11 responses to “Unique Sculptures of Karnataka

  1. congrats,. Good representative illustrations. I too have seen some of this rare sculptures.

      • Welcome to your pastings and posts.

        2014-04-23 16:10 GMT+05:30 Karnataka Itihasa Academy :

        > itihasaacademy commented: “Hello Sir, thanks for your encouraging > words. We will be glad to put your photos on the website if you wish to > share them. Regards” >

  2. Thanks for useful information. The photos of sculptures are very good. Is it necessary for the photographer to attach his name to the sculpture, in fact, it will be disturbing, even defacing the photograph. If this is discouraged, it will be fine. Remember, we have great sculptors of unique and marvellous stone sculptures, but they never bothered to put their name on their own work. Is it necessary / justified for the photographer, who just clicked the picture, to have a right to write his name on the photograph. This thought always comes to mind. People / photographers can use their wisdom and make their own judgement please.

    • Hello Sir, thank you for your valuable comment on this subject. We will definitely discuss this internally and act accordingly. Here are the reasons for attaching the copy right information.
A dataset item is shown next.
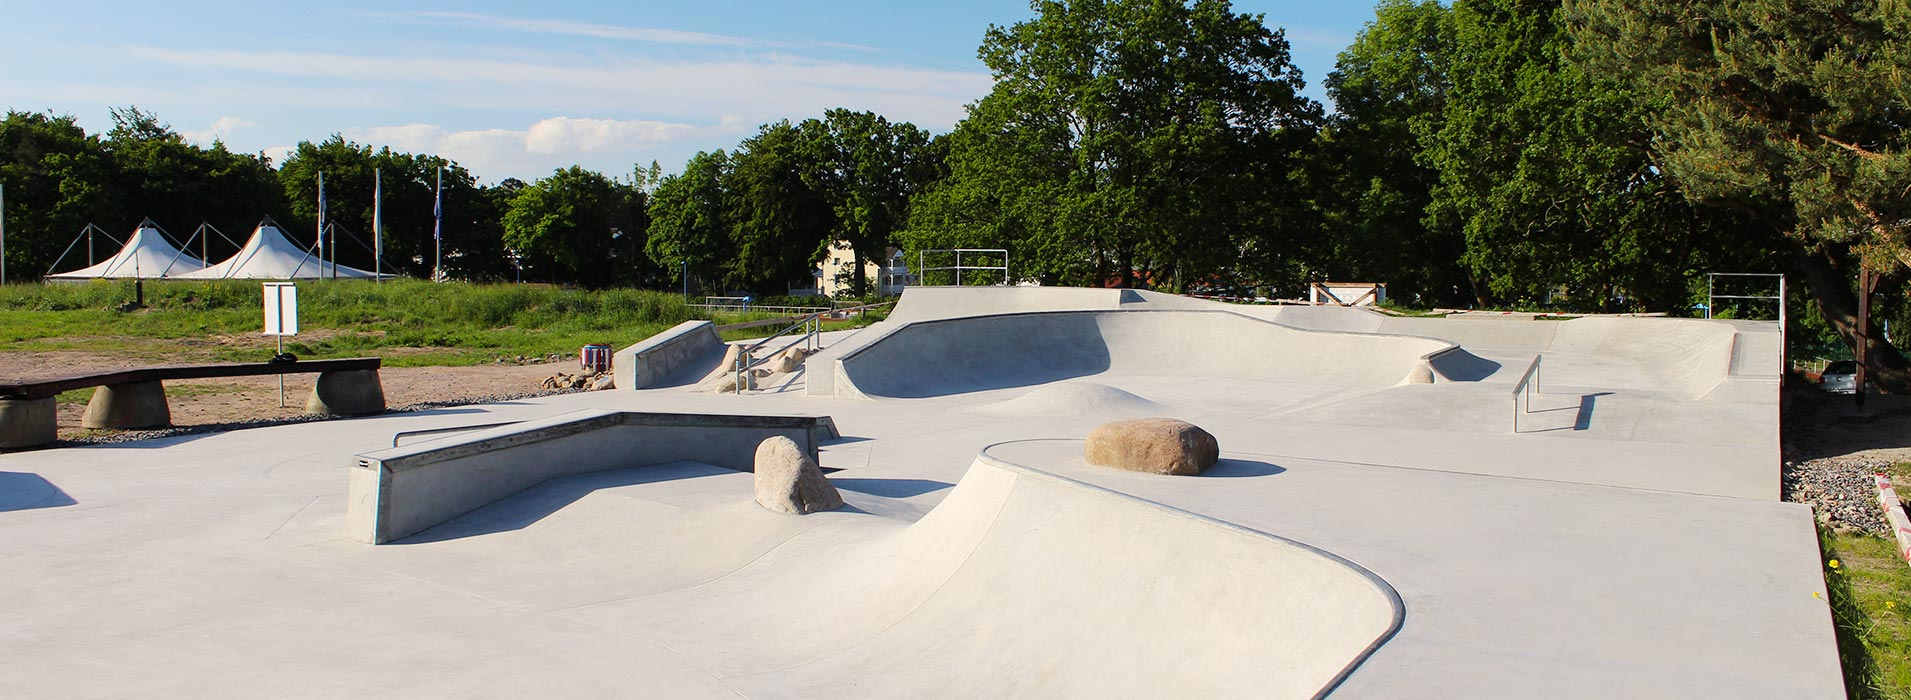 slider_skatepark_14
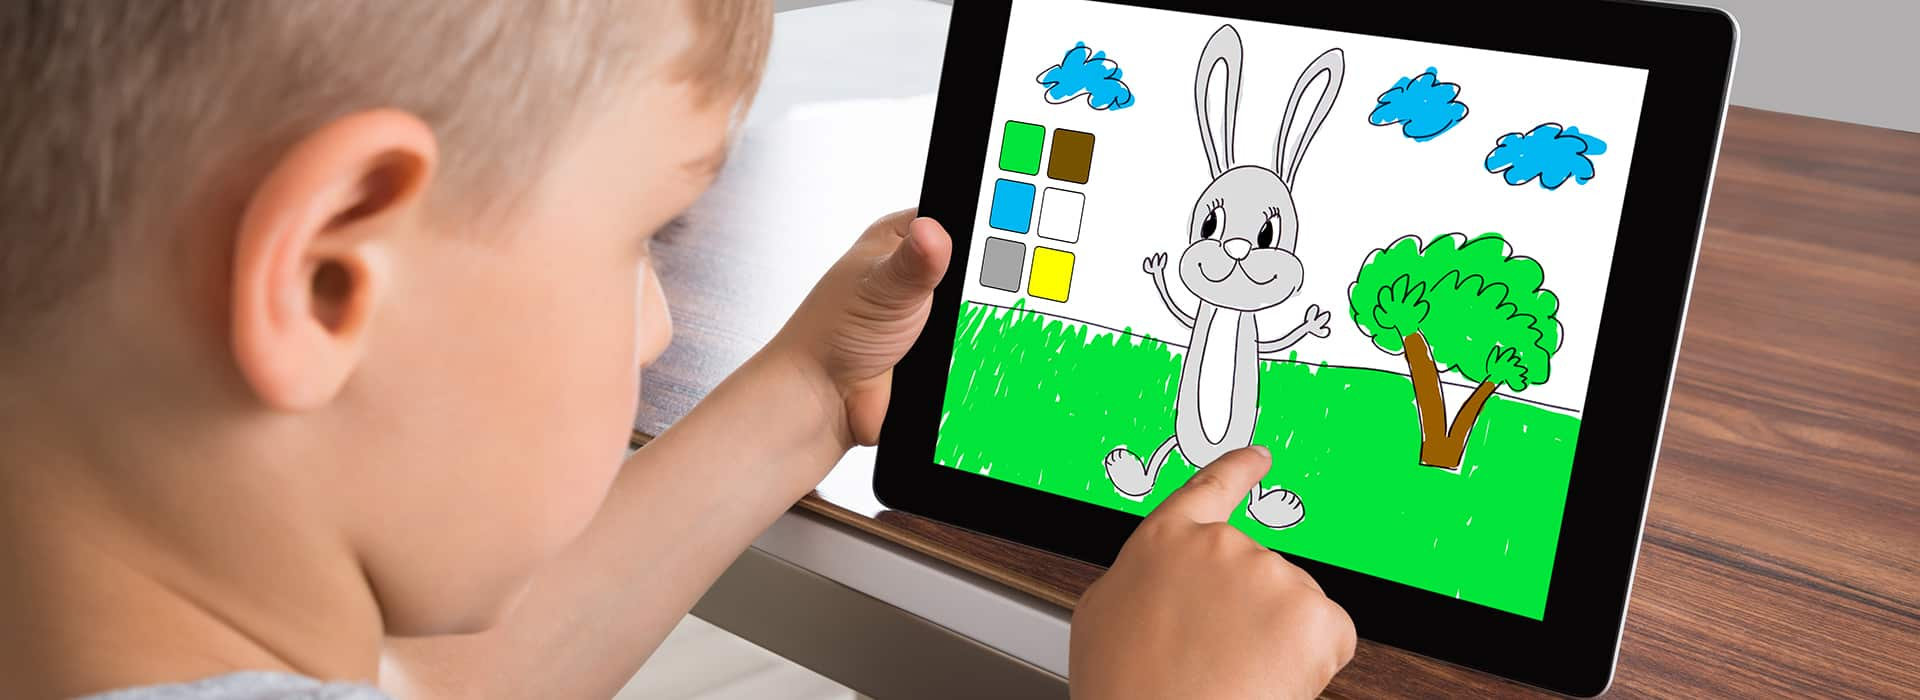 Tablette Enfant : Voici Les Meilleurs Modèles À Offrir En 2020 concernant Tablette Enfant Fille

      1. First and the foremost, there are many scholars who have put in so much time, effort and hard work, travelling to remotest corners of Karnataka and clicking these photographs, which would otherwise be not known to the world. In recognition of their hard work and intellectual property rights, we decided to put the copy right information. Right now you can see that Dr, Devarakonda Reddy has contributed many photos to the website from his personal collection. Likewise there will be many people from within the academy and outside, contributing their valuable find to the website. In view of this, we have attached the name of the photographer to all the photos published on the website.

      2. As you might know, the digital world is a free domain and anyone can claim right to the photos, worse, they can even come up with a false information and state that as a historical fact. This happens all the time on the web and false facts gets copied and propagated and people accept that as the truth.

      3. As the main purpose of this website is to create historical awareness about our history and culture, we are cautious as to present well researched facts only and do not want misuse of pictures and information.

      Looking forward for your valuable inputs and suggestions,


  3. This is an amazing and essential work you have done. Especially impressing is your effort to teach our great history to our progeny.
    Very glad to this work.

    • Sir, Thank you very much for your encouraging words. Please visit the website again and bring in your friends as well. We will be adding more interesting and valuable information about hero stones, sculptures and history of Karnataka.

      Looking forward for your continued support and encouragement.
      Warm Regards.

      • thank you.

        2014-06-17 9:46 GMT+05:30 Karnataka Itihasa Academy :

        > itihasaacademy commented: “Sir, Thank you very much for your > encouraging words. Please visit the website again and bring in your friends > as well. We will be adding more interesting and valuable information about > hero stones, sculptures and history of Karnataka. Looking forward for” >

  4. Yappy tortoise Panchatantra story reached all the way to Aesop’s Fables. there is another depiction on a vertical on oldest railing at BodhGaya, but noone seems to have a photo, I saw it there back in ’88.

  5. Hi,
    There is place in Karnataka where there is a school for teaching stone carvings and they also take orders for making stone sculptures. Is anyone aware of that place? Can you please let me know.

    • Hello Sir, here’s an address near Bengaluru
      Director, Canara Bank sponsored K.P.J. Prabhu institute for handicrafts training, Jogaraduddi, Bidadi industrial area, Bidadi, 562109, Ramanagar district. Ph: 9900158885.